• Strong flows into European commercial property shows no signs of slowing
• Potential for yields to sharpen further over the second half of 2018
The strong flows of capital into European commercial property over the first half of 2018 show limited signs of slowing, as they continue to drive up prices and harden yields.
In our view, more capital remains to be deployed from Asia, Central Europe and the Middle East over the coming months, meaning there is potential for yields to continue to rise.
Buyers expect limited rental growth in the short to mid-term – yet the pressure to deploy cash into yield-generating assets continues to achieve record yields.
Asian institutions, benefitting from a lower cost of capital, are a key source of these inflows driving up prices. A number of acquisitions have been completed in the first half of 2018 with these buyers acquiring European commercial properties, including:
• The acquisition of Facebook’s Dublin HQ by Kookmin Bank of Korea for €101m in May 2018 (i)
• CapitaLand Commercial Trust, Singapore’s biggest REIT, purchased the Galileo portfolio of offices in Frankfurt for €356m in May 2018 (ii)
• FG Asset Management of Korea bought City of London office developments Cannon Bridge House and 20 Old Bailey in April and May 2018, for a combined total of almost £600m, backed by Korean investors Mirae Asset Daewoo and NH Investments & Securities (iii) (iiv)
Based on a number of transactions reviewed over recent months, our view is that yields on European logistics assets – a key area of interest for Rasmala’s investors – have reduced by around 50 basis points since the start of 2018.
These rising prices are something of a mixed blessing. While they mean the assets already acquired by Rasmala and its investors are seeing capital appreciation, they also mean that there is a risk of buyers overpaying for assets in the current market.
Our aim is to deploy more than $500m into commercial real estate on behalf of our investors in the second half of 2018. Geographies of focus include the UK, Ireland, Germany, Austria, the Netherlands and the United States.
We aim to invest in both logistics assets and prime office properties, and our Head of Real Estate, Naseer Aka, is constantly assessing opportunities across our nominated geographies.
In the current market climate, we remain focused on value, as do our investors.
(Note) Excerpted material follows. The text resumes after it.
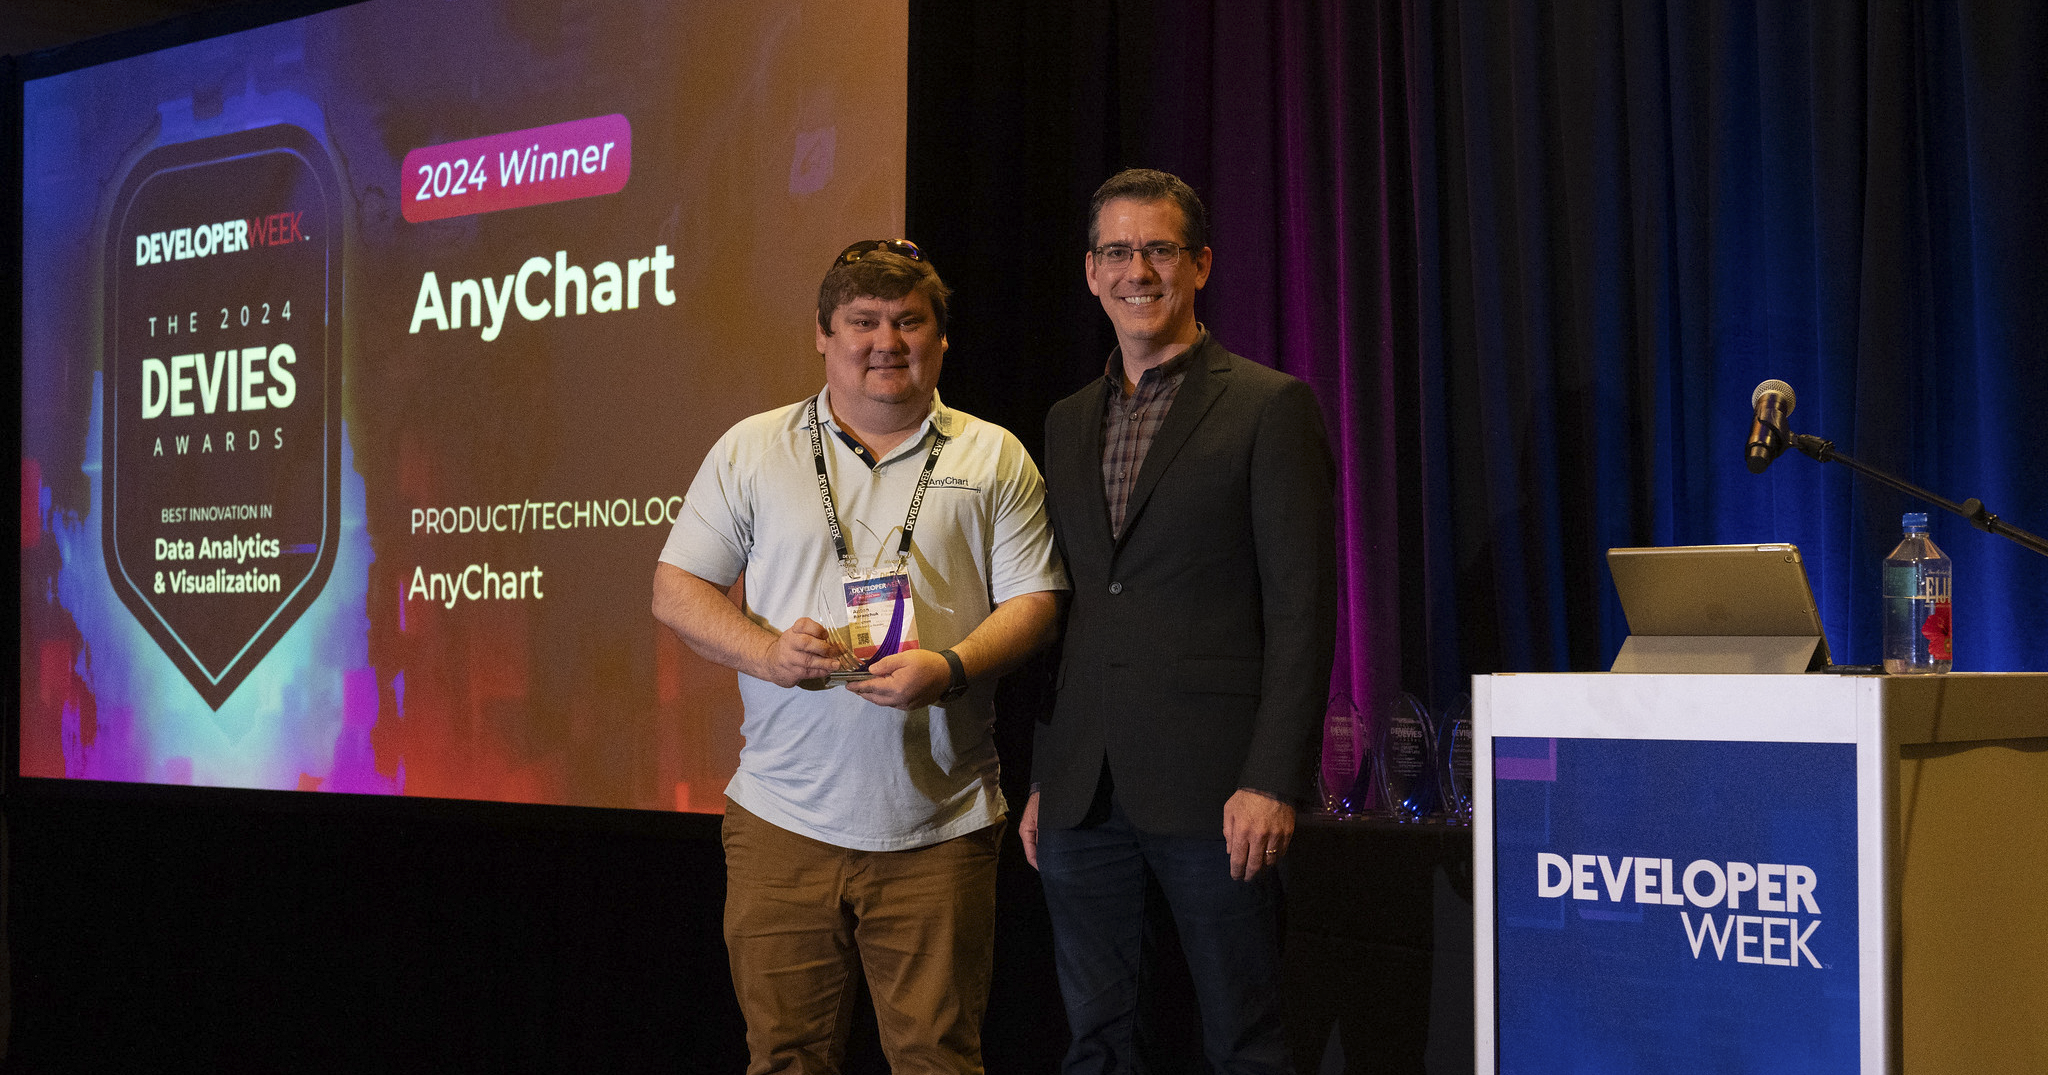 Anton Baranchuk, CEO and co-founder of AnyChart, receives the award from Jonathan Pasky, Executive Producer of DevNetwork, producer of DeveloperWeek and the 2024 DEVIES Awards

The key areas of scrutiny for our investors on any commercial property deal include:
• Length of tenancies – with the security offered by ten-year-plus leases a particular target;
• Vacancies – Our investors are unlikely to consider properties with sizeable vacancies, or if these are considered, we would expect a sufficient discount to reward the heightened levels of risk;
• Covenants – Strength of covenants is now as important to some investors as the level of rent charged;
• Location – investors now expect risk-adjusted premiums for weaker locations.
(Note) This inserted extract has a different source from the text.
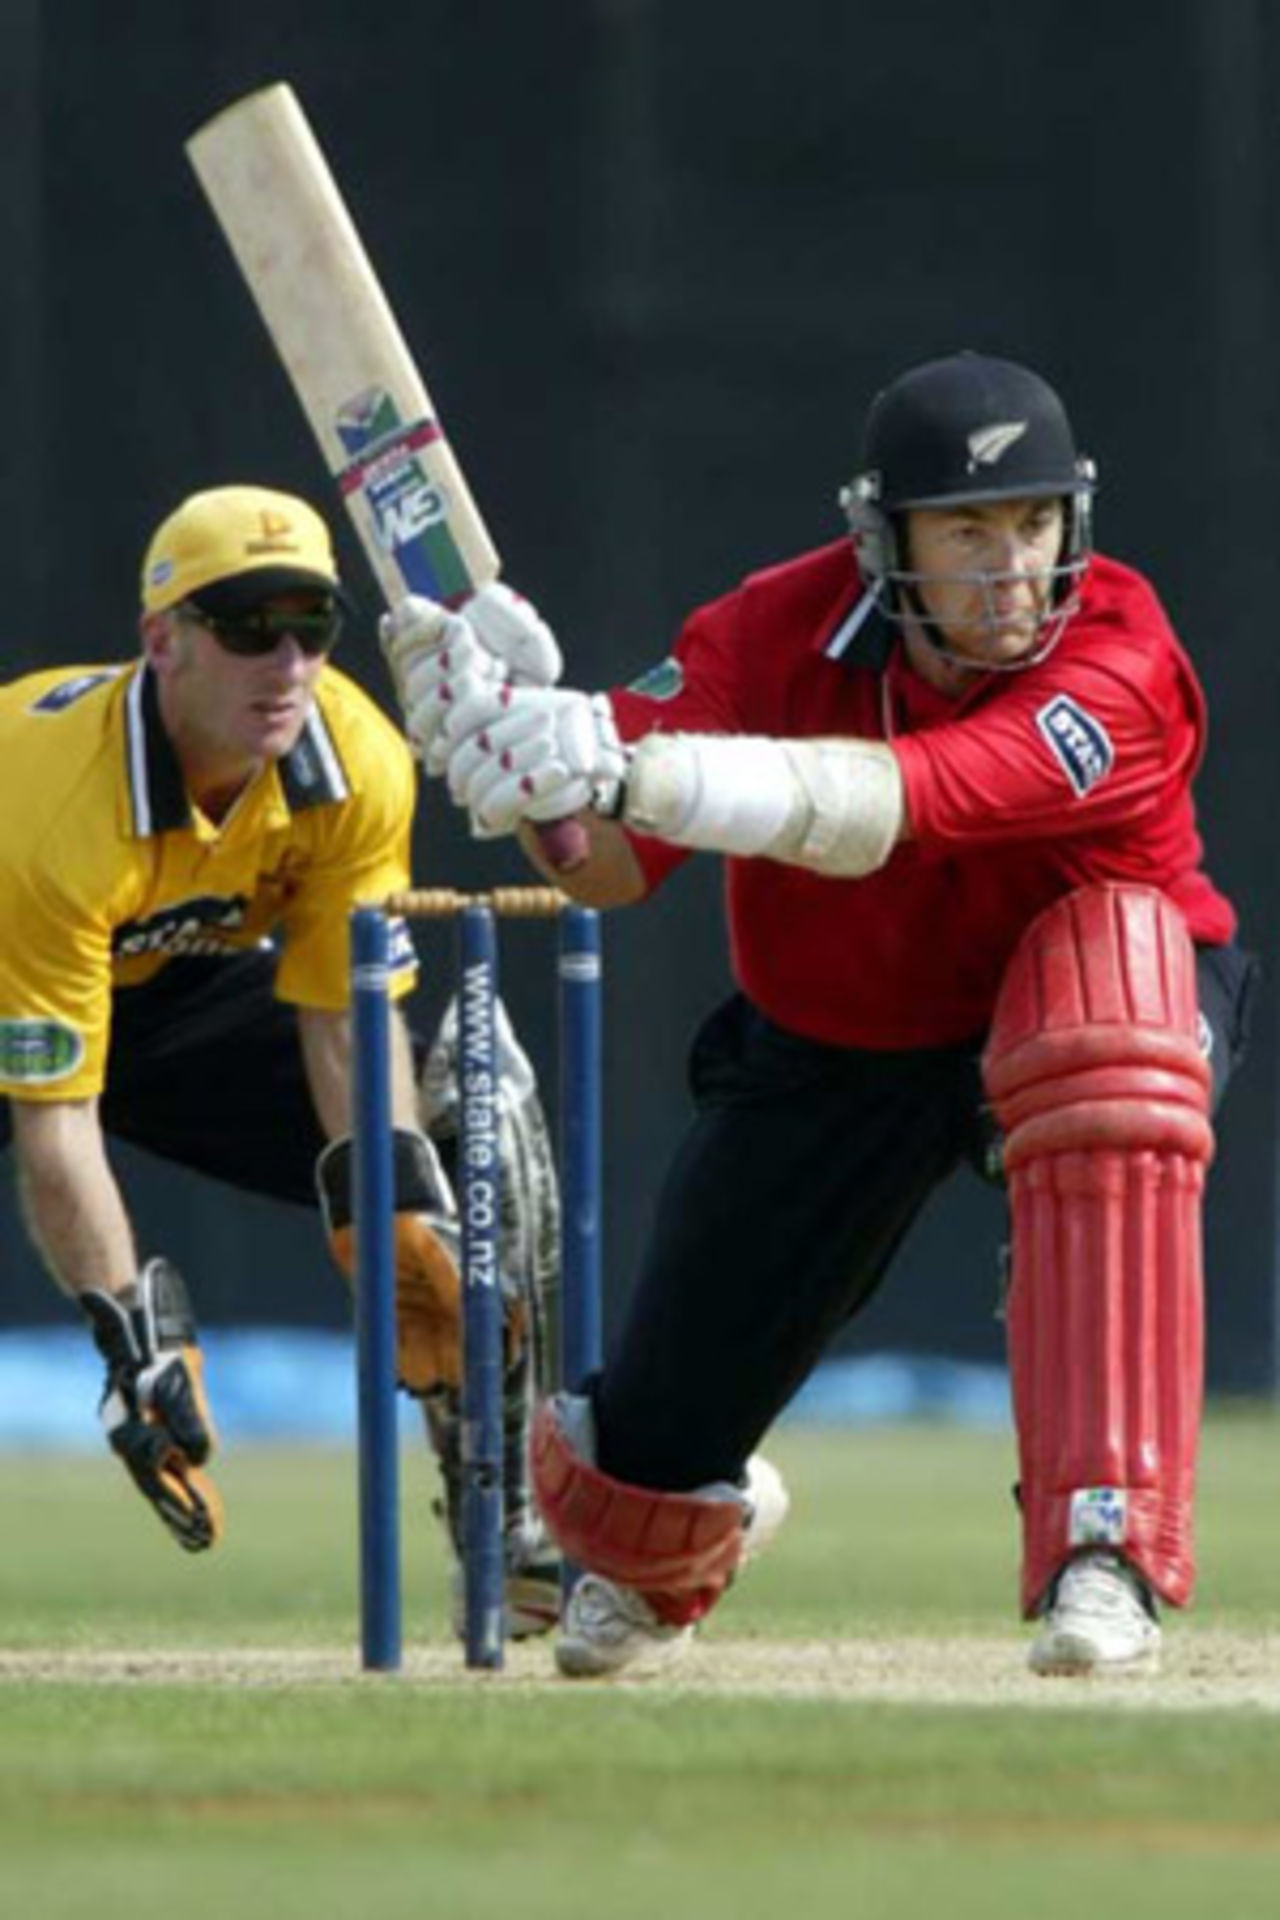 Canterbury batsman Craig McMillan sweeps a delivery during his innings of 122 not out as Wellington wicket-keeper Chris Nevin looks on. State Shield: Wellington v Canterbury at Basin Reserve, Wellington, 19 January 2003.

As per our business model, we are ‘client led’ and only invest in opportunities that are anchored or supported by our investors’ expectations on these and many other factors. The engagement is mutual and we look to keep our investors informed of market trends and intelligence that we collect.
Our latest investments include the acquisition in January 2018 of two logistics facilities in Germany for $185 million (€154 million), comprising a major new Amazon distribution centre spanning 88,000 sq m, and another let to a subsidiary of Decathlon, the sports goods retailer. Earlier in 2017, we acquired Amazon’s largest UK logistics facility in Dunfermline for $82 million.
Naseer Aka, Head of Real Estate at Rasmala, says that he expects inflows from Asian, European and Middle Eastern institutions to continue for some time to come, as there are large levels of capital that have been idly parked, looking for opportunities:
“At present, cost of capital remains low for European and Asian investors, and they still have relatively large amounts of dry powder. They have concluded a few substantial deals in the European commercial property in 2018 so far, and we expect that they will continue to be busy in the second half of the year.”
“These inflows have gradually made yields on European commercial property less attractive for our investors over the course of the year, meaning value is harder to find than it was six months ago.”
“Gulf investors in European commercial property take a very strategic approach in making deals. They are increasingly value-focused, and primarily interested in deals that tick all the boxes on tenancies, vacancies, covenants and location.”
“Whereas in the past some investors were willing to look past an issue on one or two of those factors – weaker covenants, a vacancy or a shorter tenancy – that is no longer the case.”